Chemical Kinetics - Activation energy (HL only)

A reaction has a rate constant $k_1 = 4.5 \times 10^{-3} \text{ s}^{-1}$ at $298 \text{ K}$. When the temperature is increased to $313 \text{ K}$, the rate constant becomes $k_2 = 1.8 \times 10^{-2} \text{ s}^{-1}$. Calculate the activation energy ($E_a$) for this reaction in $\text{kJ mol}^{-1}$.

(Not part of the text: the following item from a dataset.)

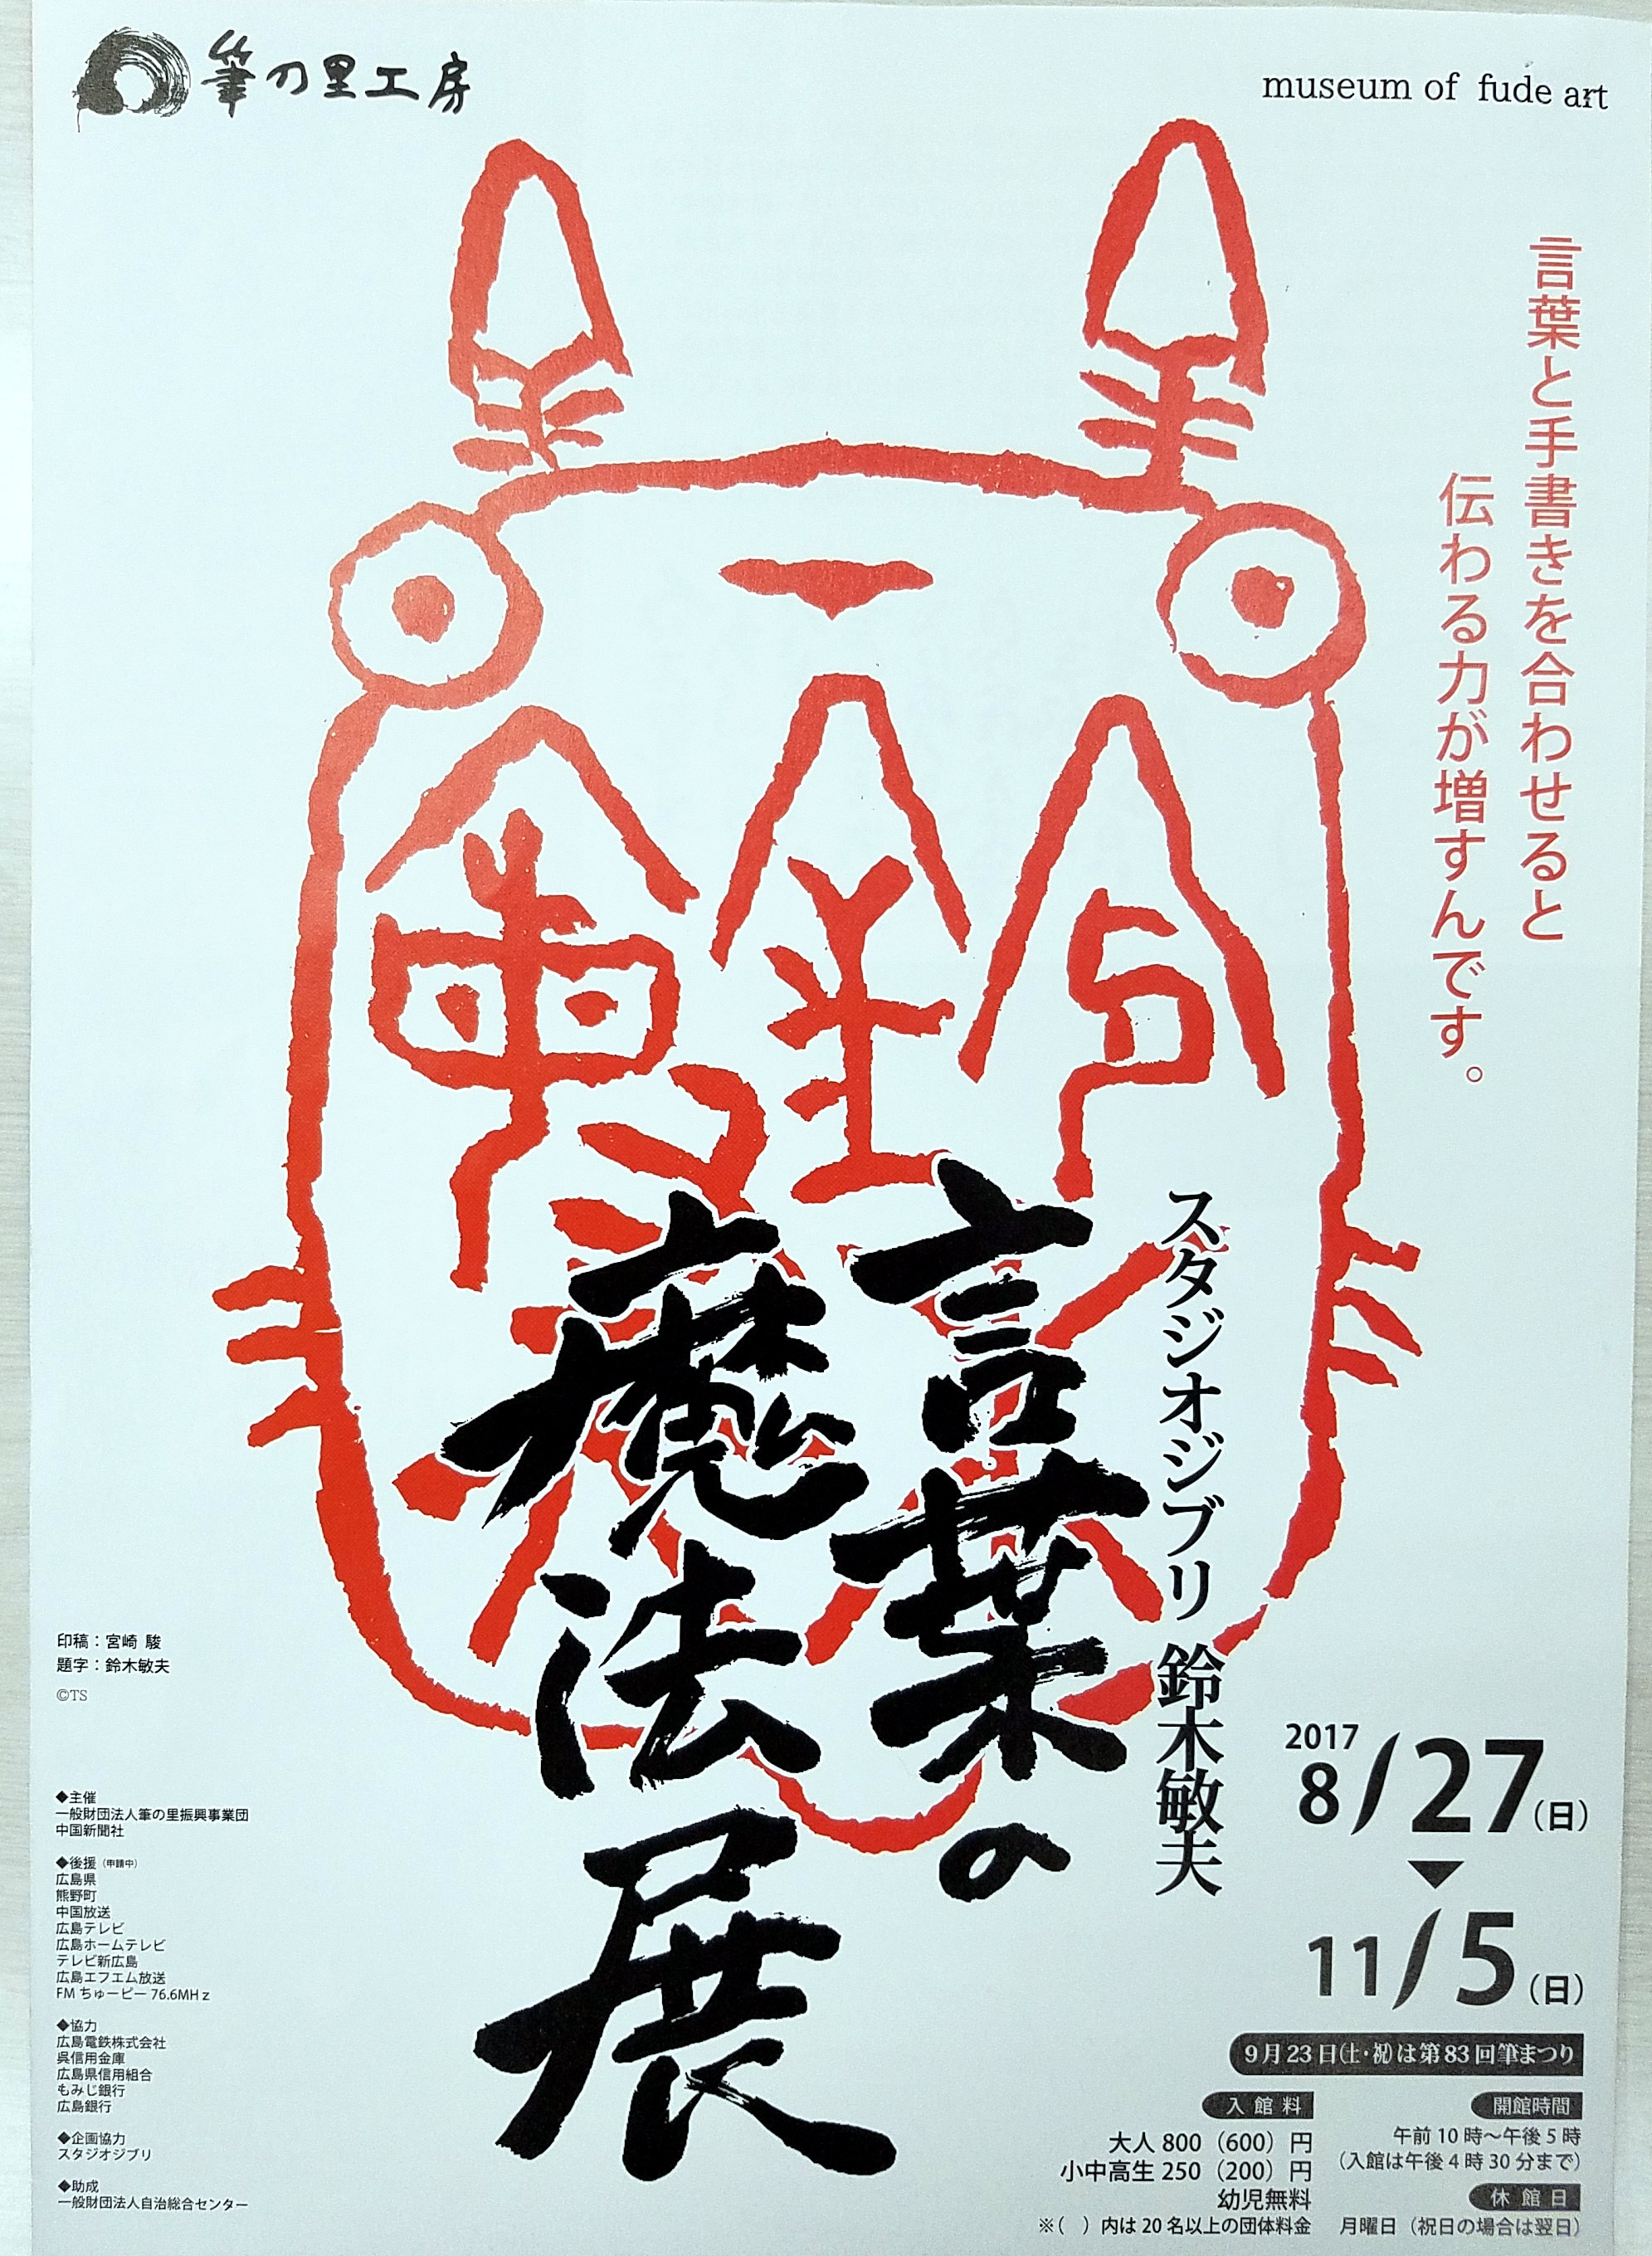 スタジオジブリ鈴木敏夫「言葉の魔法展」は１１月５日まで。

$\ln \left(\frac{4.5 \times 10^{-3}}{1.8 \times 10^{-2}}\right) = \frac{E_a}{8.31} \left(\frac{1}{313} - \frac{1}{298}\right)$ $\ln(0.25) = \frac{E_a}{8.31} \left(0.003195 - 0.003356\right)$ $-1.386 = \frac{E_a}{8.31} \left(-1.61 \times 10^{-4}\right)$ $E_a = \frac{-1.386 \times 8.31}{-1.61 \times 10^{-4}} = 71538 \text{ J mol}^{-1}$ $E_a \approx 71.5 \text{ kJ mol}^{-1}$

The two-point form of the Arrhenius equation is used to solve for $E_a$. Note that temperature must be in Kelvin and the final answer is converted to $\text{kJ mol}^{-1}$ by dividing by $1000$.

The slope of a graph of $\ln k$ vs $\frac{1}{T}$ for a specific reaction is $-6.5 \times 10^3 \text{ K}$. Determine the activation energy of the reaction.

$\text{gradient} = -\frac{E_a}{R}$ $-6.5 \times 10^3 = -\frac{E_a}{8.31}$ $E_a = 6.5 \times 10^3 \times 8.31 = 54015 \text{ J mol}^{-1}$ $E_a = 54.0 \text{ kJ mol}^{-1}$

In an Arrhenius plot, the gradient is defined as $-\frac{E_a}{R}$. By multiplying the absolute value of the slope by the gas constant $R$, we find the activation energy in $\text{J mol}^{-1}$.